# Is my scorpion dead.....?



## Dylaneus (Feb 22, 2006)

Hmm.. 
My African Emperor has been sleeping in the corner ever since... boy, October? It's been about 60 in the cage and the humidity has been around 80. There's water available but I stopped adding crickets out of fear that they might attack it. Recently I tried poking the scorpion with a pencil and it's really stiff. Is this just a hibernating scorpion or is this rigor mortis?
:?


----------



## Murziukas (Feb 22, 2006)

60 of what: Celcius or Farentheit? In one or another way: it's baked or frozen if you talk about temperature.  


			
				Dylaneus said:
			
		

> It's been about 60 in the cage


----------



## micjoe (Feb 22, 2006)

If you are saying the temperature in the cage stayed at 60 and humidity at 80 or so, is that right? 60 for the temp is way too low, as of course scorpions can adapat on conditions, it is good idea to mimic its actual conditions.
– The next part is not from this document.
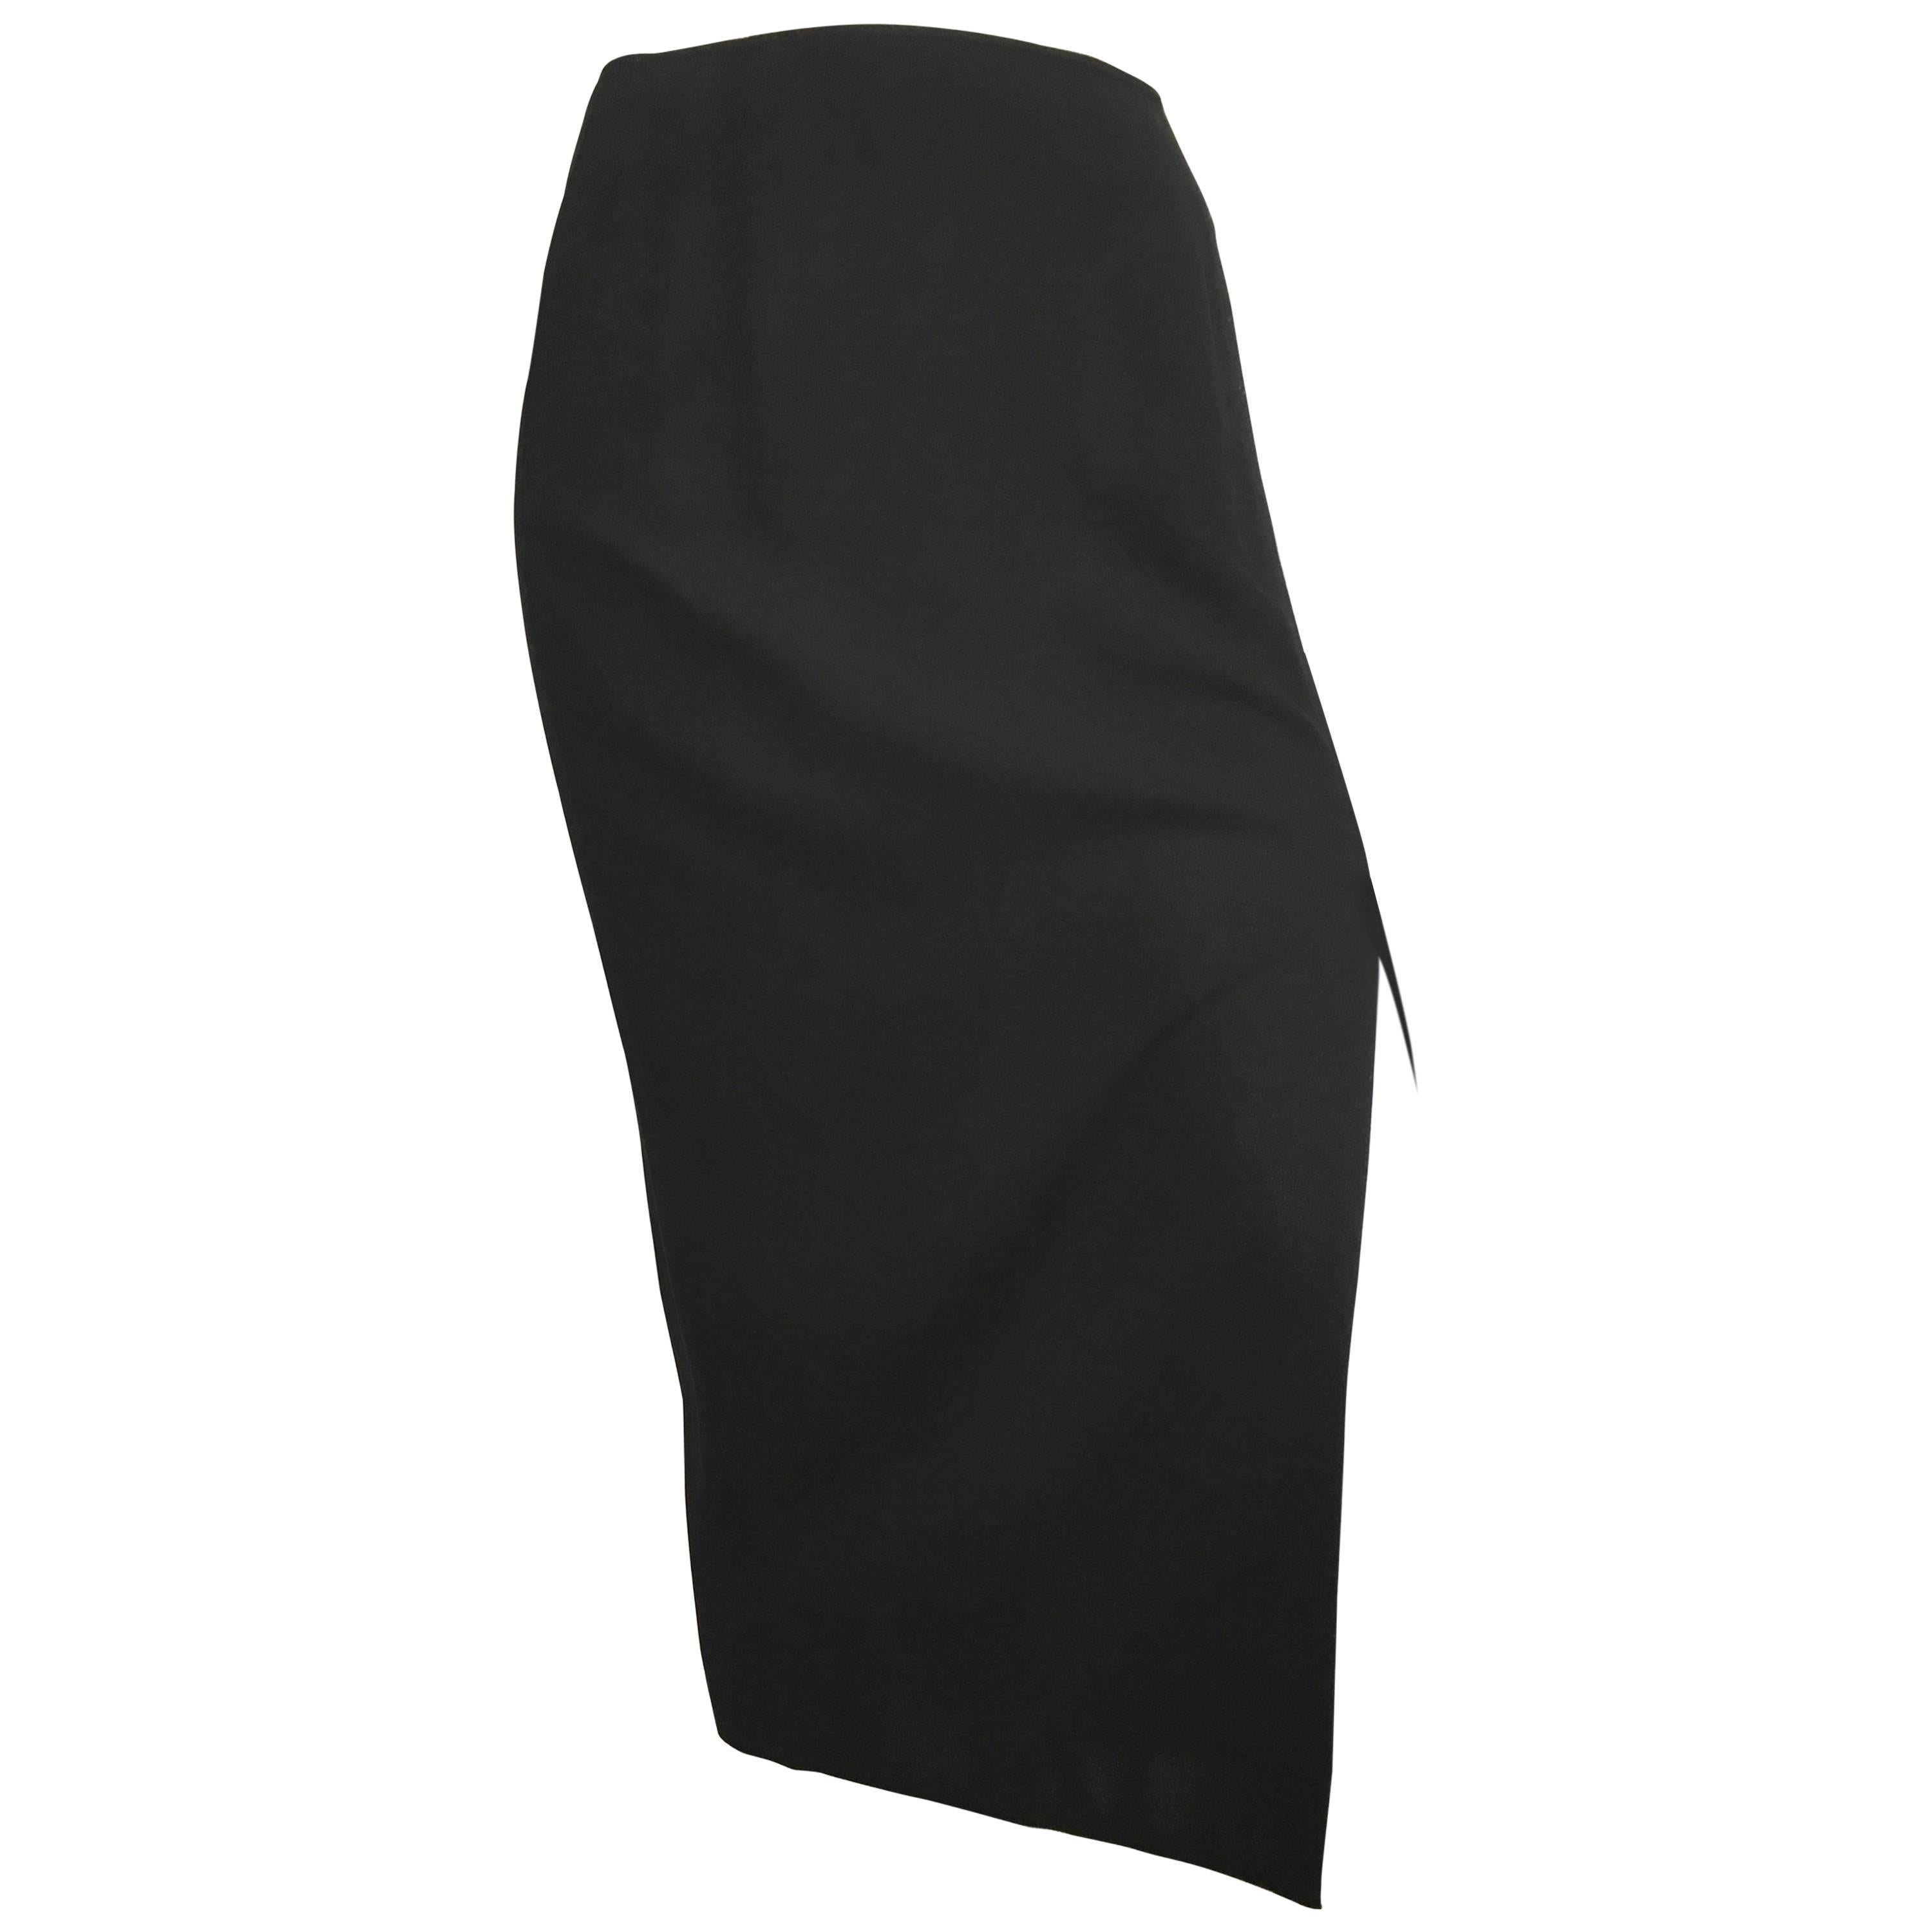 Donna Karan 1990s Black Wool Long Skirt Made in Italy Size 6. For Sale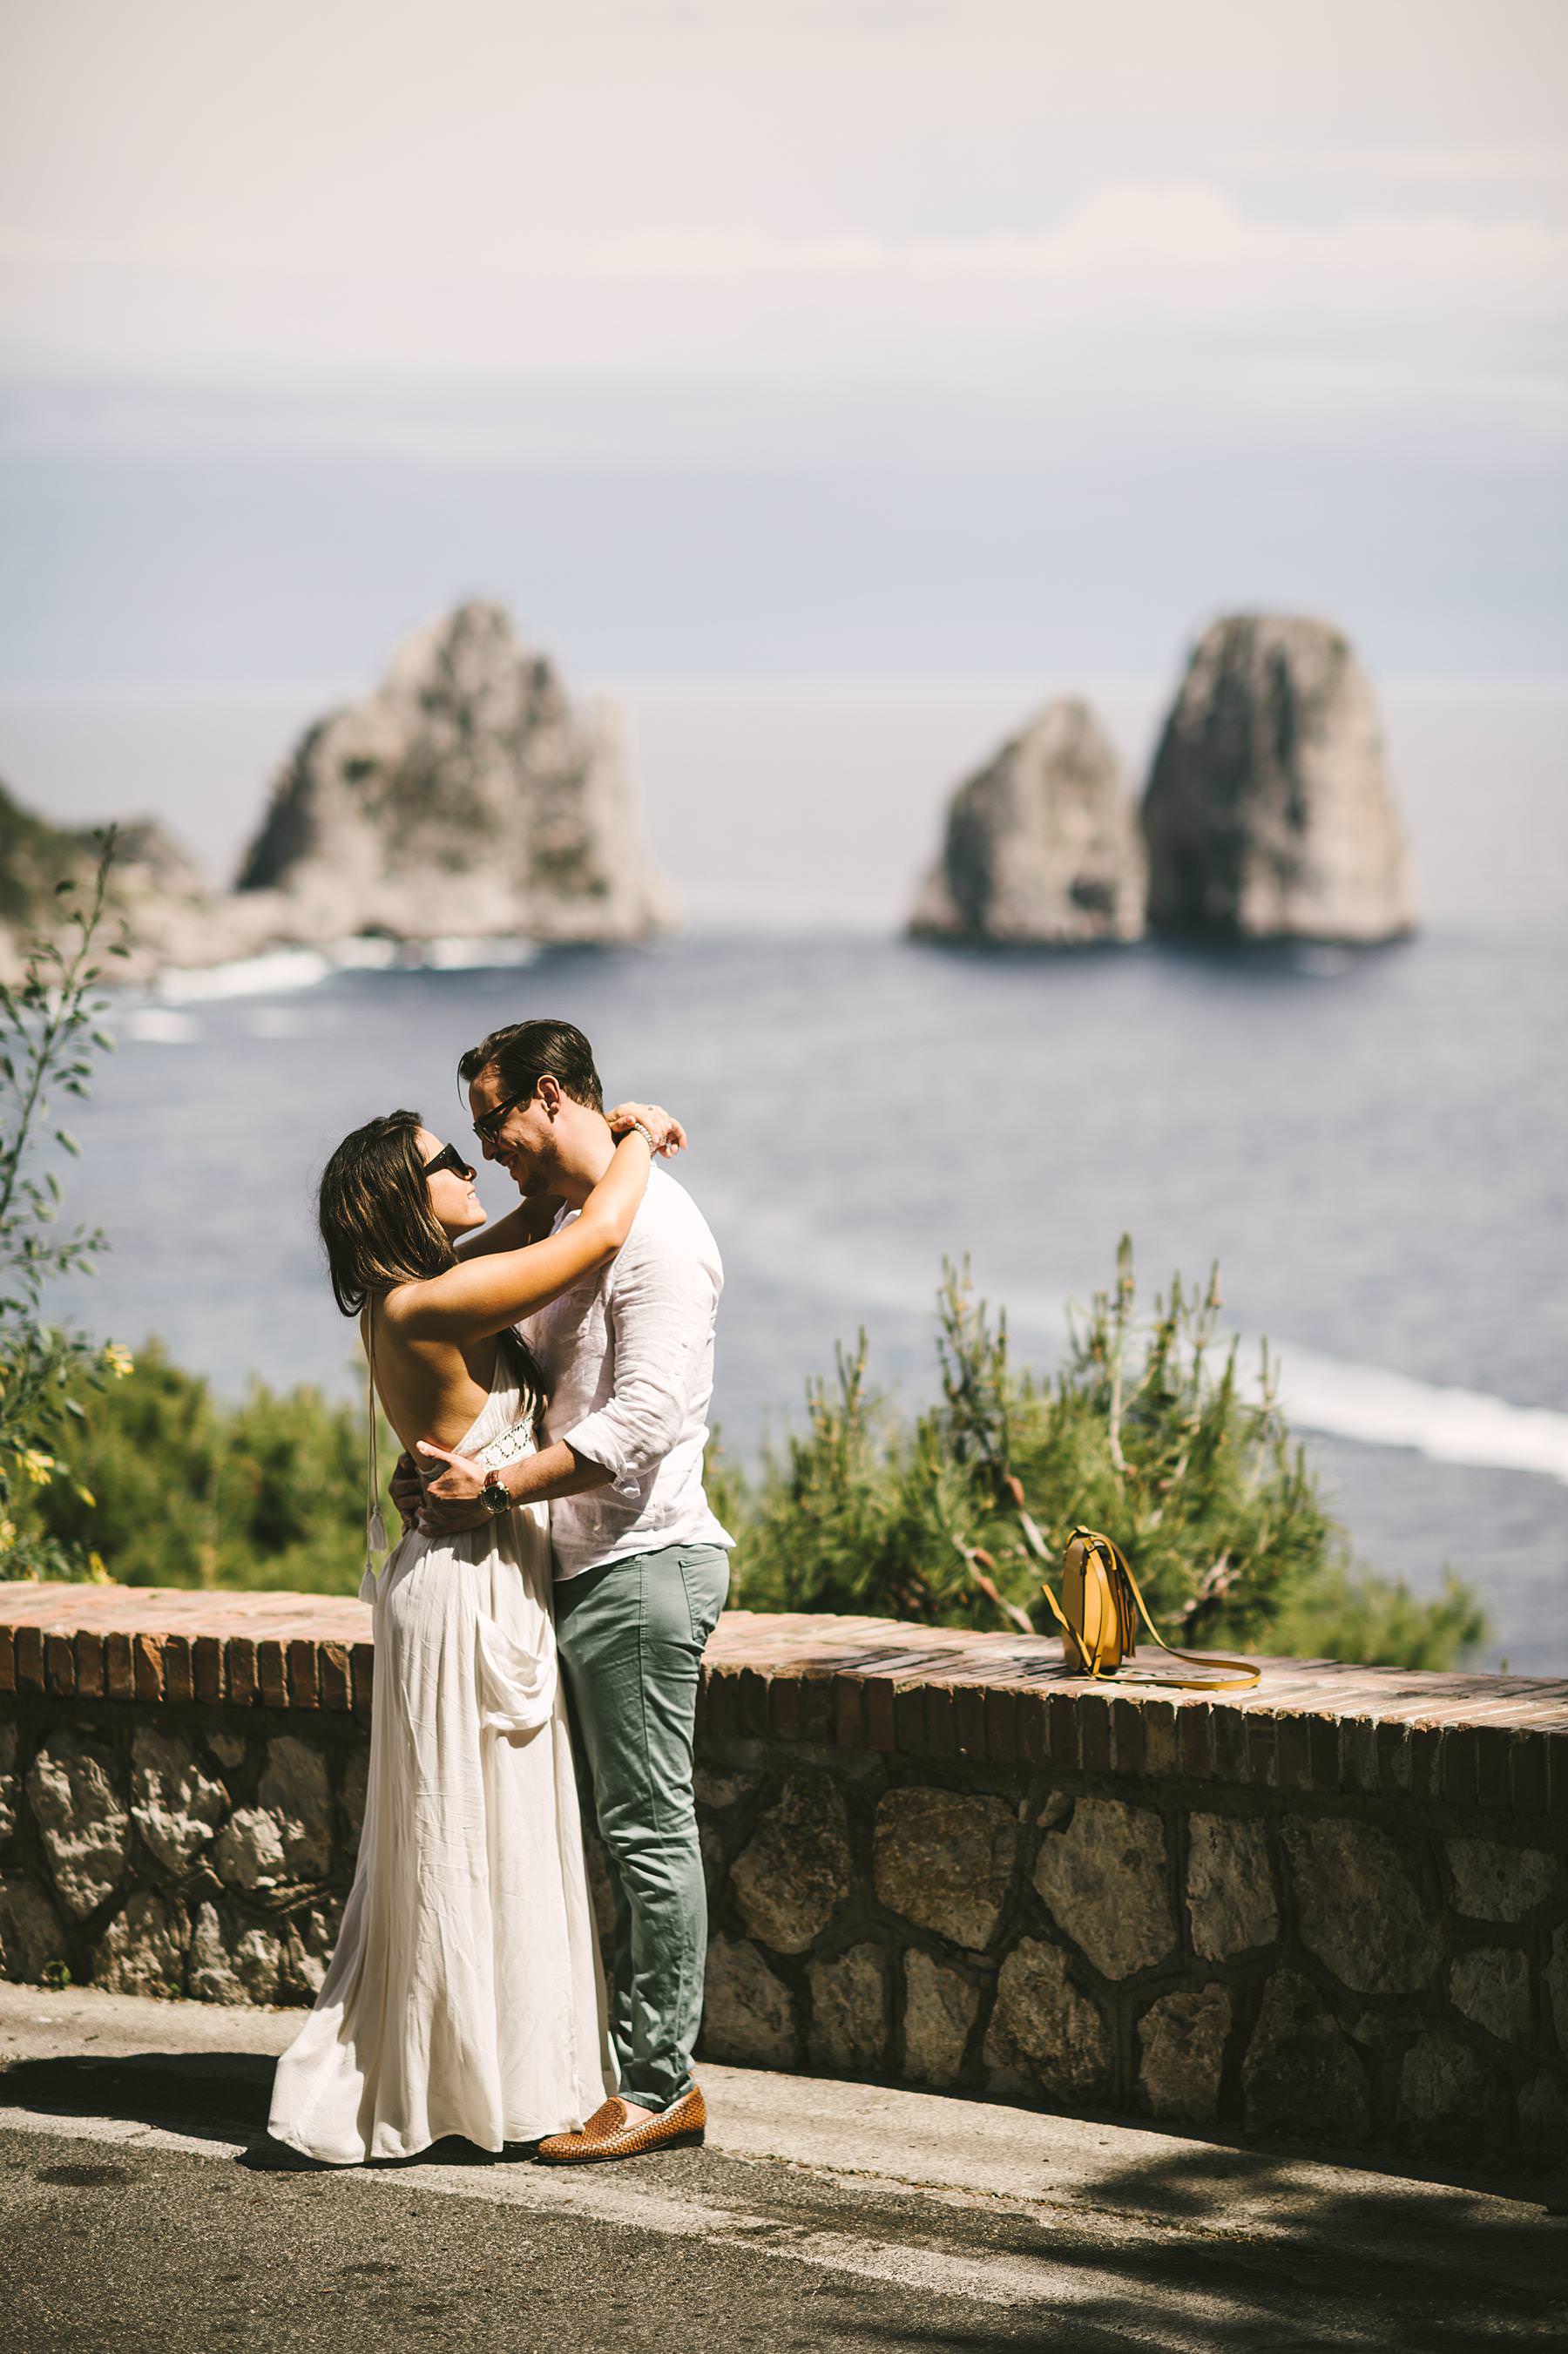 Couple portrait engagement pre-wedding photo session in a scenic road with breathtaking sea stacks of Capri island

I would do temp 80+, and humidity 80%+.

Good luck.


----------



## tarsier (Feb 22, 2006)

i think it may be dead.  never heard or read of a scorpion hibernating.  much more an emp


----------



## Leiurus87 (Feb 22, 2006)

well, im 99.9 % sure its dead, but jack up the temp to 90F anyway for an hour or so, just to make sure, even though im sure its dead from the cold.


----------



## The Bear (Feb 22, 2006)

If I was in your position and the scorpion hasn't moved in that long then move him yourself. Stress is bad but a little wont kill it and wasting your time, energy and worrying about its not worth it. I say find out if hes dead or not.


----------



## Arlius (Feb 22, 2006)

Is it lying with its tail flat and straight out behind it? If so, it's definately dead. Has been for awhile...


----------



## Scorpfanatic (Feb 23, 2006)

carnk up the heat and see wta hapens.  dgood luck


----------



## 1/2 (Feb 23, 2006)

Sounds like it might be dead, most scorpions when they die tend to extend their tail to a straight position. My experience with hybrenating scorps is that they tend to curl up (as if to keep warm.)

Hope it is the last one.

Best of luck.


----------



## fusion121 (Feb 23, 2006)

If you've been keeping it at 60F then its not really surprising if it died, thats substantially below the temperatures they normally live at, and while they are quite tolerant of variance in conditions thats a bit much over a long time.


----------